Son olarak Mehmet Yiğit Gürdal giderek popüler hale gelen ve davranışsal ekonomiden kaynağını alan nudge (dürtme) şeklinde tabir edilen uygulamalara ve bu yaklaşımın öncülerinden biri olan Richard Thaler’a dair bilgiler sundu. Gürdal “nudge” yaklaşımının bireylere elden geldiğince özgür bir hareket alanı bırakıp onların seçimlerini şekillendirmek ve bu seçimlerin toplumun yararına olmasını sağlamaktan ibaret olduğunu belirterek şu ifadeleri ekledi: “Örneğin, organların bağışlanması gereken ülkelerde organ bağışlama oranlarının zaten yüksek seyrettiğini görüyoruz. Bireysel emeklilik sistemiyle de paralellik kurulabilir.
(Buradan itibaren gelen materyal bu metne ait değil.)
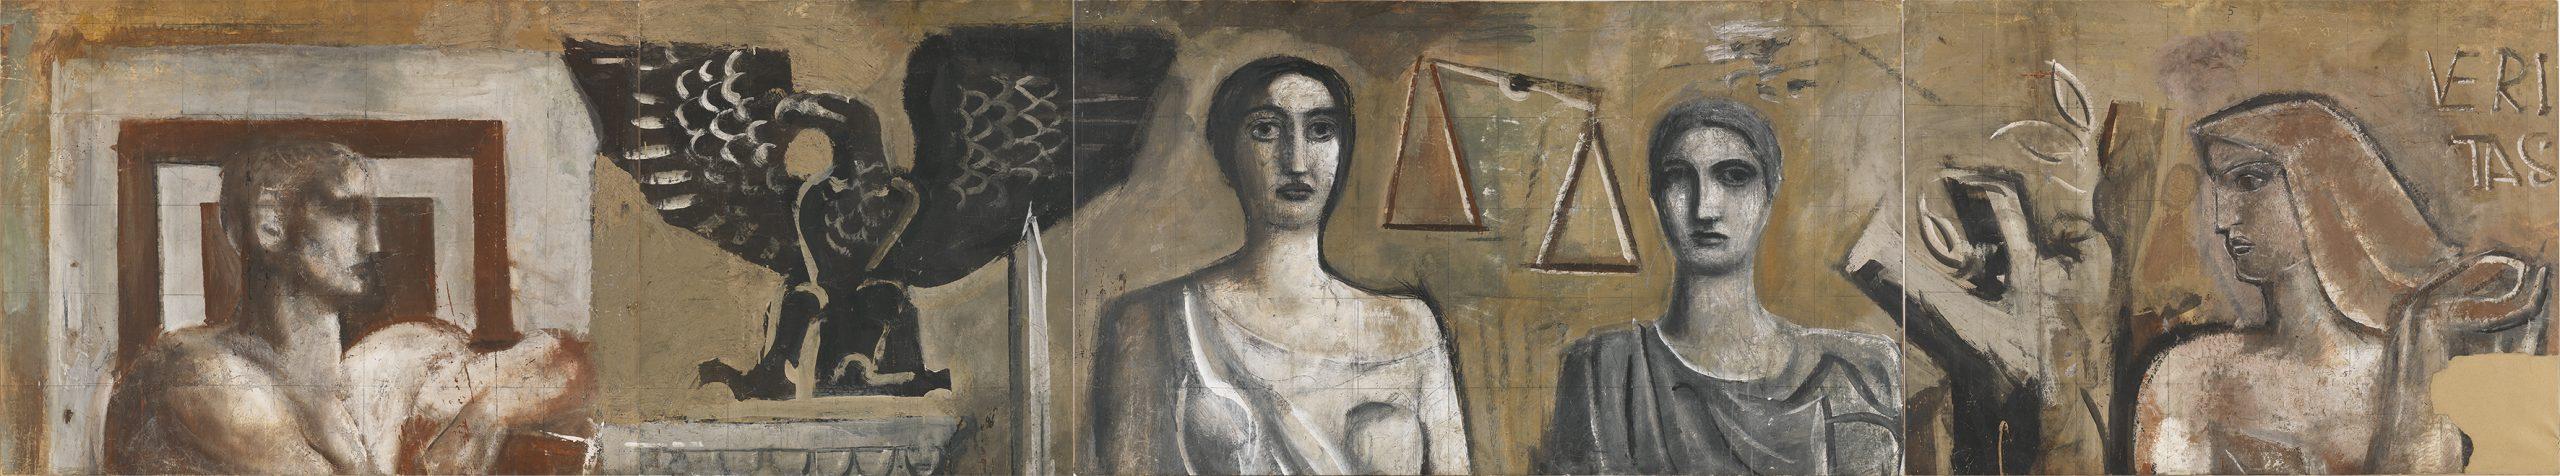 Mario Sironi, Studio preparatorio per La Giustizia tra la Forza, la Legge e la Verità, 1938 - © by SIAE 2021
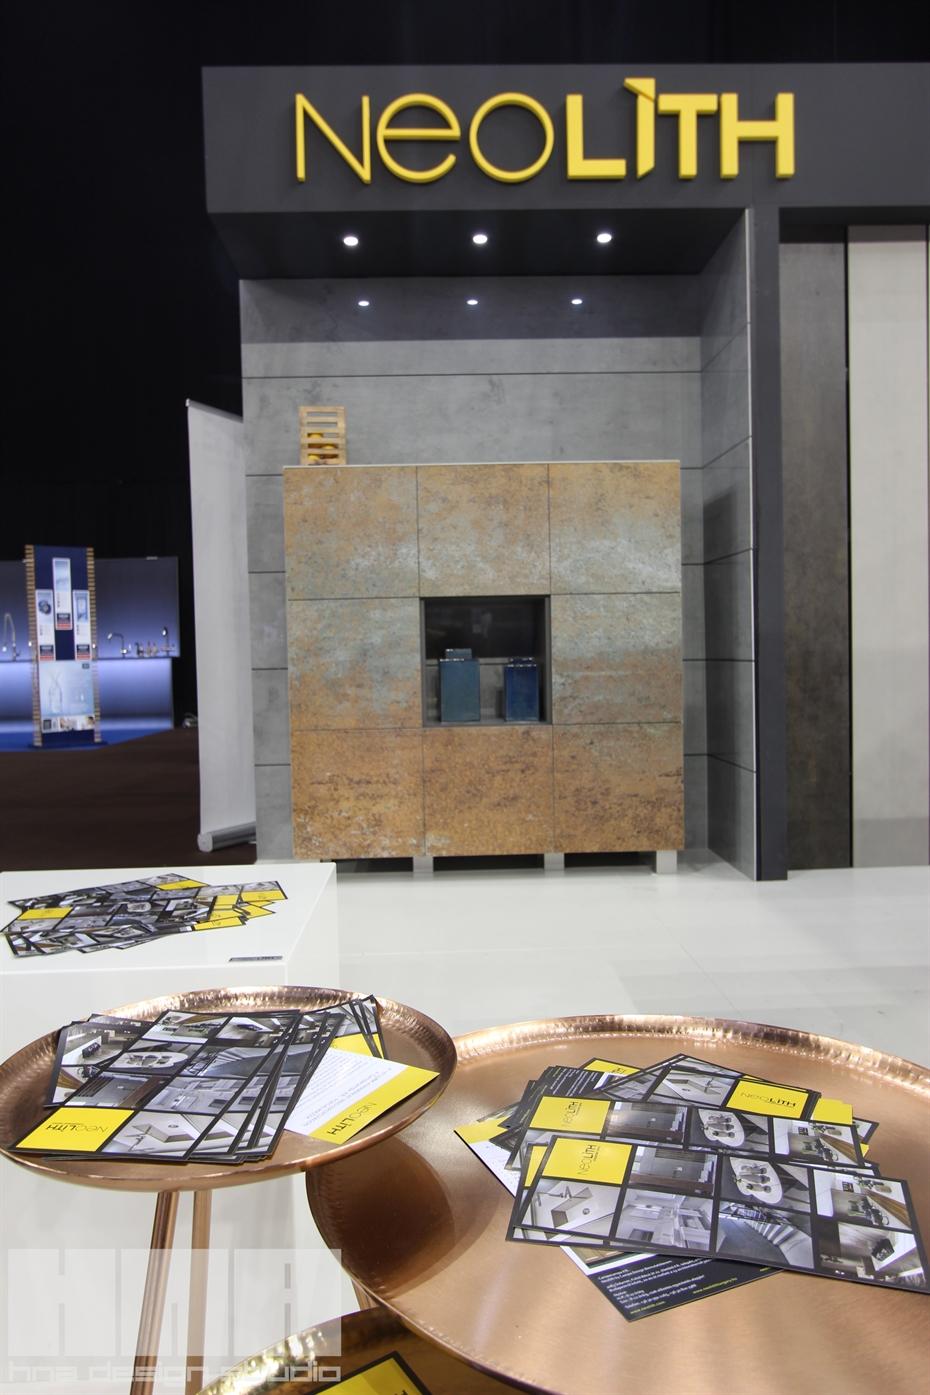 hna design konyhakiallitas 2017 9

Burada maaşınızın belli bir miktarını emeklilik fonuna yatırıyorsunuz. İnsanlar zamanla daha çok biriktirmelerine yardımcı olduğu için bunun iyi bir uygulama olduğunu düşünüyorlar.” Gürdal, nudge yaklaşımına karşı eleştiriler doğrultusunda bazı opsiyonların sağlanarak insanların hür iradeleriyle karar vermelerini savunanların da bulunduğunu hatırlattı.

 

Mehmet Yiğit Gürdal hakkında

2001 yılında Boğaziçi Üniversitesi Endüstri Mühendisliği bölümünden mezun olan Mehmet Yiğit Gürdal, Sabancı Üniversitesi’nde ekonomi dalında yüksek lisansını tamamladıktan sonra University of Minnesota’da davranış ekonomisi üzerine doktorasını aldı. Boğaziçi Üniversitesi ekonomi laboratuvarında davranışsal ekonomi alanında çeşitli araştırmalar yürüten Gürdal; karar verme, iletişim biçimleri, yalan söylemek ve müşterekler bağlamında iş birlikleri gibi günümüz için önemli konular üzerinde çalışmakta.